─── DATA

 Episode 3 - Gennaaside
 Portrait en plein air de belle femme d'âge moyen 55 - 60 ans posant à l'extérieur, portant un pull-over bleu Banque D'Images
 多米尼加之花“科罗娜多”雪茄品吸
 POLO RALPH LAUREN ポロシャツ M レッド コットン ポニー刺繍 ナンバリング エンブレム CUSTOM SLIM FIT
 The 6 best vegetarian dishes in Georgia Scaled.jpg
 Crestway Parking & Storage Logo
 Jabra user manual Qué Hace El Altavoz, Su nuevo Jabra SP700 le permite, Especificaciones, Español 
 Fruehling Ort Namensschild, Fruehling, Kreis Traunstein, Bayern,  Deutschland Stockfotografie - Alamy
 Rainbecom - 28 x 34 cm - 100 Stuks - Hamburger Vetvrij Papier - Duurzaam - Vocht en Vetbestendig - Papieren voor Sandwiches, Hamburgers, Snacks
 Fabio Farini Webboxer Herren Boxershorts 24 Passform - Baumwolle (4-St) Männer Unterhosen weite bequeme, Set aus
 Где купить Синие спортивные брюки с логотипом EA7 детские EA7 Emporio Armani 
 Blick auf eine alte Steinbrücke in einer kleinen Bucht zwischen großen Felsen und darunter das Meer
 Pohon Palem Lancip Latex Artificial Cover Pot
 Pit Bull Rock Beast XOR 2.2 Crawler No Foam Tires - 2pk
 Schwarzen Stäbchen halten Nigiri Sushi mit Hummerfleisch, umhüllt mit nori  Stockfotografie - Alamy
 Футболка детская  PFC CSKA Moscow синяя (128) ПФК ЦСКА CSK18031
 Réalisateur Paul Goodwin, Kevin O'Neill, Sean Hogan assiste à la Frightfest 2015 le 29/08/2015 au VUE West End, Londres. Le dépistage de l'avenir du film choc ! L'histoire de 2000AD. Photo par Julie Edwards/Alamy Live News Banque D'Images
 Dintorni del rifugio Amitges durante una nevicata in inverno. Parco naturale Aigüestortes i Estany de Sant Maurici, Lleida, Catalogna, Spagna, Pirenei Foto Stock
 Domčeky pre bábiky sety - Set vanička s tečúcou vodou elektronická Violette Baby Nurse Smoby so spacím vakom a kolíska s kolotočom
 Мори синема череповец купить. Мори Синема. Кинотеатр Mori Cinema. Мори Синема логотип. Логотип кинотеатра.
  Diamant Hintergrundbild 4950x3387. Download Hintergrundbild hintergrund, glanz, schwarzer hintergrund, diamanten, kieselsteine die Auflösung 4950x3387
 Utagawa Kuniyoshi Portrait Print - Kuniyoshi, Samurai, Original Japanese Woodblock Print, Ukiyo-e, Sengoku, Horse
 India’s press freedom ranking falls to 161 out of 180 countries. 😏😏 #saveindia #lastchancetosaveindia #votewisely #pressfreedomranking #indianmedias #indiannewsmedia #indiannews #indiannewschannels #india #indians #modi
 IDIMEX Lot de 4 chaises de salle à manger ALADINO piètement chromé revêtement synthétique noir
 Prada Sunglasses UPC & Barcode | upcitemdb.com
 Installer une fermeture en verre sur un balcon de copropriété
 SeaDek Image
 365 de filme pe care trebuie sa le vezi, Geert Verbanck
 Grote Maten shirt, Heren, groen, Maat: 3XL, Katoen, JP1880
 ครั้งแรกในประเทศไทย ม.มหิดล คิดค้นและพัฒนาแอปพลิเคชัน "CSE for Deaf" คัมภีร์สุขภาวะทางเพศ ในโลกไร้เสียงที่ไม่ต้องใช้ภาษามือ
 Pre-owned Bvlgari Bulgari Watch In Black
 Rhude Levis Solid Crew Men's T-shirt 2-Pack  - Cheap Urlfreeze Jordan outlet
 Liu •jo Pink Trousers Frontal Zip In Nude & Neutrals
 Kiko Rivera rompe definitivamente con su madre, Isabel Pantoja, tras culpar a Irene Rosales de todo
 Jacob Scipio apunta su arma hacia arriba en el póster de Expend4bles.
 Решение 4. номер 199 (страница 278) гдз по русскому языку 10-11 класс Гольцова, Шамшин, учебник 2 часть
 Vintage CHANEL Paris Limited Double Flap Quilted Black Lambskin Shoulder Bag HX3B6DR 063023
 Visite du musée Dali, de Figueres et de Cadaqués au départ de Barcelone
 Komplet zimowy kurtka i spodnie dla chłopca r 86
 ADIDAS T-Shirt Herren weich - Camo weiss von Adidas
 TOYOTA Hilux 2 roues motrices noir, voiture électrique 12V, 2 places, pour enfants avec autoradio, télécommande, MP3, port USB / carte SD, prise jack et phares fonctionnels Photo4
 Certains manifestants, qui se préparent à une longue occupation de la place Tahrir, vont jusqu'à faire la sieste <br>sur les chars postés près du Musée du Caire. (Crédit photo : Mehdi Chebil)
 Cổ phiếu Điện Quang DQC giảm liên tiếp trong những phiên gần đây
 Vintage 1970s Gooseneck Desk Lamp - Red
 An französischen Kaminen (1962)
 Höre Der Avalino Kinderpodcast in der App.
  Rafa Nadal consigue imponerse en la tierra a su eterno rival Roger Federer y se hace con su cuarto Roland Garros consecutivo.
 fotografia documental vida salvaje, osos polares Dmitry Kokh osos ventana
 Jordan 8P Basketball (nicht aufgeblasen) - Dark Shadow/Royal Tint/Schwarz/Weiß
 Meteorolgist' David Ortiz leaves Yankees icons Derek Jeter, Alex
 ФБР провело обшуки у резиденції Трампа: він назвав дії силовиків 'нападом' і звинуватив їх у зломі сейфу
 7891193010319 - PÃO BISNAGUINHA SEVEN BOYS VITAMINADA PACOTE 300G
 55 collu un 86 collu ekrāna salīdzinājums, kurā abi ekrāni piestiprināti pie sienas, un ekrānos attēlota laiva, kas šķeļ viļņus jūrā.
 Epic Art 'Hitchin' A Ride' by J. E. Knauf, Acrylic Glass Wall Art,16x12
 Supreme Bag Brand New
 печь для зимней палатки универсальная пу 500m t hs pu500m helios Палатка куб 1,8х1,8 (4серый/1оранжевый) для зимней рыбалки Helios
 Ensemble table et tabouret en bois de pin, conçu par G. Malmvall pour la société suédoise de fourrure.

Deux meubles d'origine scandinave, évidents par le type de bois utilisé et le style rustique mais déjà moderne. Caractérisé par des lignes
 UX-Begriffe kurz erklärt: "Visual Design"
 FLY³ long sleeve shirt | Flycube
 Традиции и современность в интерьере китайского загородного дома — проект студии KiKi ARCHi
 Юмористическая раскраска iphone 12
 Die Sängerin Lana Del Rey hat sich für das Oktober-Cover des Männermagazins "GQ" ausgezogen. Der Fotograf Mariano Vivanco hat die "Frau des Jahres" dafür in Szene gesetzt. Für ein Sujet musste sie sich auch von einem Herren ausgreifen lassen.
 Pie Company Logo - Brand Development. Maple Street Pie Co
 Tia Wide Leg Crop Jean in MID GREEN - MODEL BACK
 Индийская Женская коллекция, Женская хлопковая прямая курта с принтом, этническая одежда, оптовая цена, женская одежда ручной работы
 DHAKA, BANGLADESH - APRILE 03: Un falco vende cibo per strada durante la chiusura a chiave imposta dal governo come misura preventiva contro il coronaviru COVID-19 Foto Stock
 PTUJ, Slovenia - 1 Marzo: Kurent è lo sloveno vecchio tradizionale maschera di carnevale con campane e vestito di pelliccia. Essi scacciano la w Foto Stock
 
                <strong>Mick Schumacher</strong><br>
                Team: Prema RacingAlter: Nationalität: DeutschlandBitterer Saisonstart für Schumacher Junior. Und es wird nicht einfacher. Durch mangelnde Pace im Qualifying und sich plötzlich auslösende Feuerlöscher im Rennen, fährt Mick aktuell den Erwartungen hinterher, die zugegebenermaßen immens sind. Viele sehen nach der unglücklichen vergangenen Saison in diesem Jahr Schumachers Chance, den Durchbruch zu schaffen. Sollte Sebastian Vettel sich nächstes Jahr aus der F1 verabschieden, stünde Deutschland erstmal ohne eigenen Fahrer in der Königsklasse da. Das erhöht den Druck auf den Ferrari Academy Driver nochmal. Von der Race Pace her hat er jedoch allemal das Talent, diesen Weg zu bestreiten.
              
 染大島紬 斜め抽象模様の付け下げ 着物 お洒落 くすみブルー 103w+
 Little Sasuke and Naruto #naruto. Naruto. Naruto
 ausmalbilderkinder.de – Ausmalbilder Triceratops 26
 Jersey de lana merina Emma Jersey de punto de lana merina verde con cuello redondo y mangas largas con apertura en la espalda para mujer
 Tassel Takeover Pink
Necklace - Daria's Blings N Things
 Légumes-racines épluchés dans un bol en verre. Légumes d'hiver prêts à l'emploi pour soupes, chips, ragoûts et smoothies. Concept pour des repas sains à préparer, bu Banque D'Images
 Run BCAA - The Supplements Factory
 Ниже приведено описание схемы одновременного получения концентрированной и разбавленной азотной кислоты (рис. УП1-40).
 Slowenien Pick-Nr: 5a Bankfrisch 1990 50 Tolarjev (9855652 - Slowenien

──────

WHAT THE EXERCISE ASKS — Retype only the lines above between the line with "Blick auf eine" and the line with "Domčeky pre bábiky", counting those two lines as well, and keep every character as it is.

TASK SOLUTION —
 Blick auf eine alte Steinbrücke in einer kleinen Bucht zwischen großen Felsen und darunter das Meer
 Pohon Palem Lancip Latex Artificial Cover Pot
 Pit Bull Rock Beast XOR 2.2 Crawler No Foam Tires - 2pk
 Schwarzen Stäbchen halten Nigiri Sushi mit Hummerfleisch, umhüllt mit nori  Stockfotografie - Alamy
 Футболка детская  PFC CSKA Moscow синяя (128) ПФК ЦСКА CSK18031
 Réalisateur Paul Goodwin, Kevin O'Neill, Sean Hogan assiste à la Frightfest 2015 le 29/08/2015 au VUE West End, Londres. Le dépistage de l'avenir du film choc ! L'histoire de 2000AD. Photo par Julie Edwards/Alamy Live News Banque D'Images
 Dintorni del rifugio Amitges durante una nevicata in inverno. Parco naturale Aigüestortes i Estany de Sant Maurici, Lleida, Catalogna, Spagna, Pirenei Foto Stock
 Domčeky pre bábiky sety - Set vanička s tečúcou vodou elektronická Violette Baby Nurse Smoby so spacím vakom a kolíska s kolotočom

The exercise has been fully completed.